The redesign moves every rule that matters out of prose and into something a program can check.

  • Sessions run through an explicit stage machine (planning, design critique, implementation, review, cleanup) with gating fields a hook verifies before allowing each transition. Machine state and human-readable narrative live in separate files; hooks parse one, people read the other.
  • Strategic review is split from code review. A reviewer subagent checks how the code is written; a new product-owner subagent checks whether it's the work that should exist: vision fit, acceptance criteria actually met rather than pattern-matched. A hook refuses to let either return without a verdict. This is the gap the benchmark gaming walked through.
  • Tester isolation is enforced by the OS. A PreToolUse hook denies the tester reads of anything under the source root. Tests come from the spec or they don't exist.
  • The builder can no longer edit its own enforcement layer. Instructions, agents, and hooks are off-limits. Improvements get written up as proposals; a human reviews and applies them. The overfitting loop now has a person in it.
  • "Blocked" became a vocabulary instead of an excuse. A stop requires one of five specific blocked kinds. You can't escape the loop by waving vaguely at "something's wrong."

The hooks themselves carry 160 unit tests, because a hook that misparses a checkpoint fails silently in whichever direction is worse. They're the load-bearing part. The full design rationale lives in ten ADRs in the repo.

What I actually learned

Hook enforcement beats instruction enforcement. Every rule I wrote in plain English eventually got broken. Every rule a hook could check held. When something matters, it gets a hook.

Quality and strategy are different review jobs. Conflating them is how a well-implemented bad decision ships. The product-owner subagent is the single most valuable addition in v2, more than any hook.

Self-improvement needs a human in it. Letting the agent rewrite its own constraints sounded elegant and produced a slow drift toward a more confused agent.

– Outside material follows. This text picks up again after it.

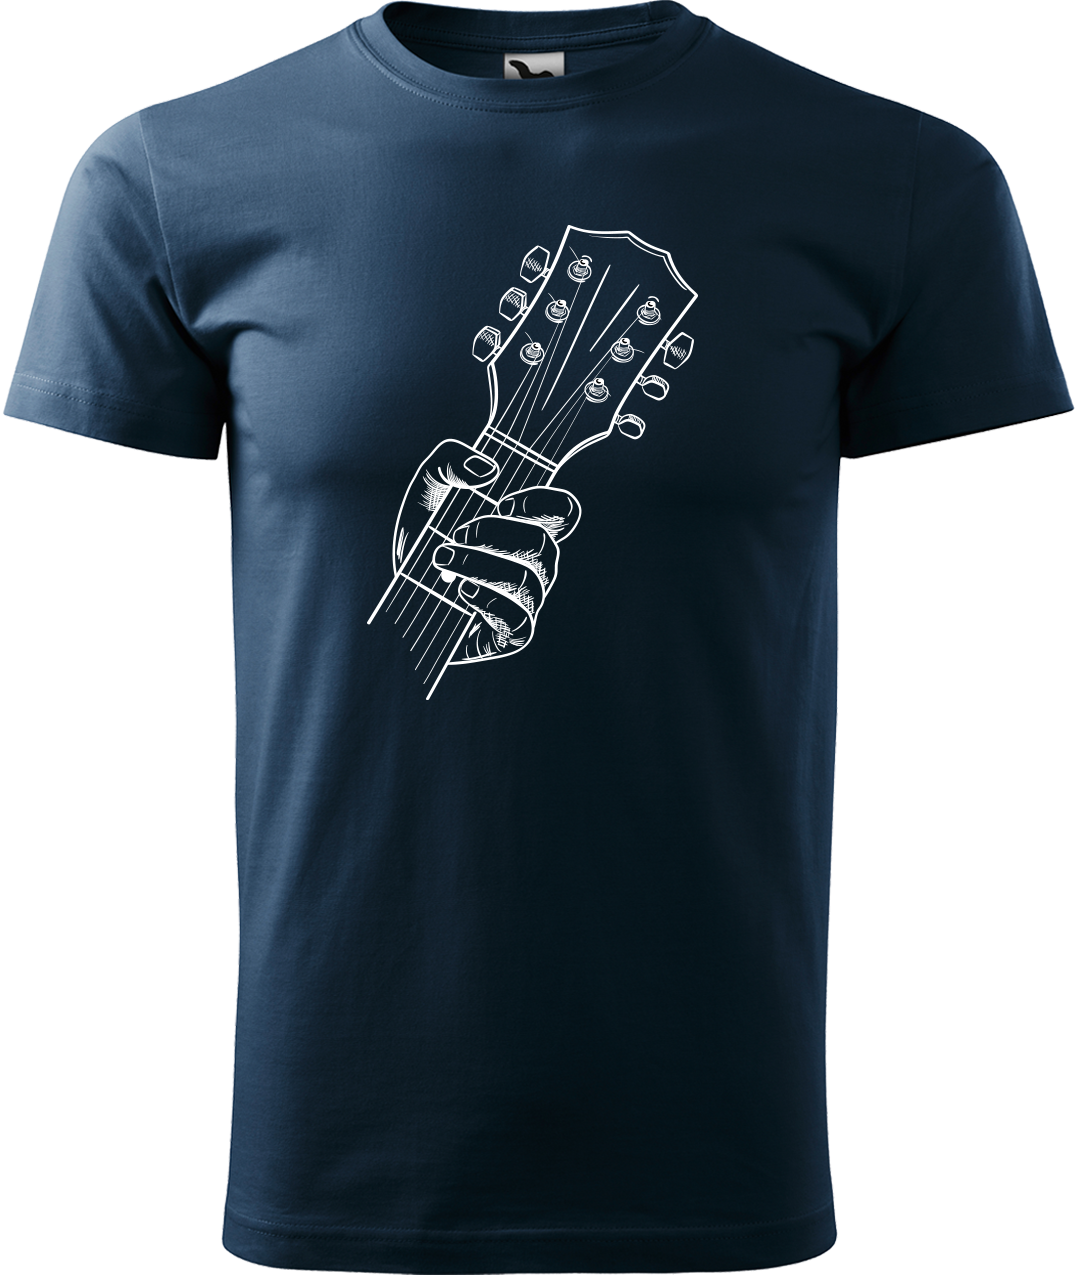 Pánské tričko s kytarou - Hlava kytary Velikost: XL, Barva: Námořní modrá (02)

Files beat memory. Every attempt at external state or conversation memory lost to a markdown file in the repo. Files are versioned, greppable, readable by any agent, and they survive everything.

Where it still breaks

The product-owner can only check against the vision lock; if the vision is wrong, the workflow faithfully builds the wrong thing. Long sessions still saturate context and decisions get shallower; stage transitions help, physics doesn't change. Hooks parse markdown, and formatting drift can break them in either direction; the tests catch the common cases, not every conceivable one. And the workflow's real adversary is the agent itself: v2 closes the holes I found, and there will be new ones. That's exactly why the enforcement layer is locked, so the next failure mode can't quietly patch itself out of the record.

Try it

pip install copier
copier copy gh:jcentner/copilot-autonomous-template my-project

It scaffolds the whole setup (stage machine, hooks, subagents, vision lock template, ADR skeleton), and copier update pulls improvements as the template evolves. Works in any language.

The bottleneck has shifted from "getting the agent to implement sensibly" to "knowing what I want it to build and reviewing what it built." That's a much better problem to have, and the next one I want to make easier.


Postscript, June 2026: this shipped in April, a couple of months before "agent loops" became the discourse of the summer. Watching the conversation hasn't changed my read quite yet. The failure modes are the same ones in this post, and so is the fix: when a rule matters, make it a hook.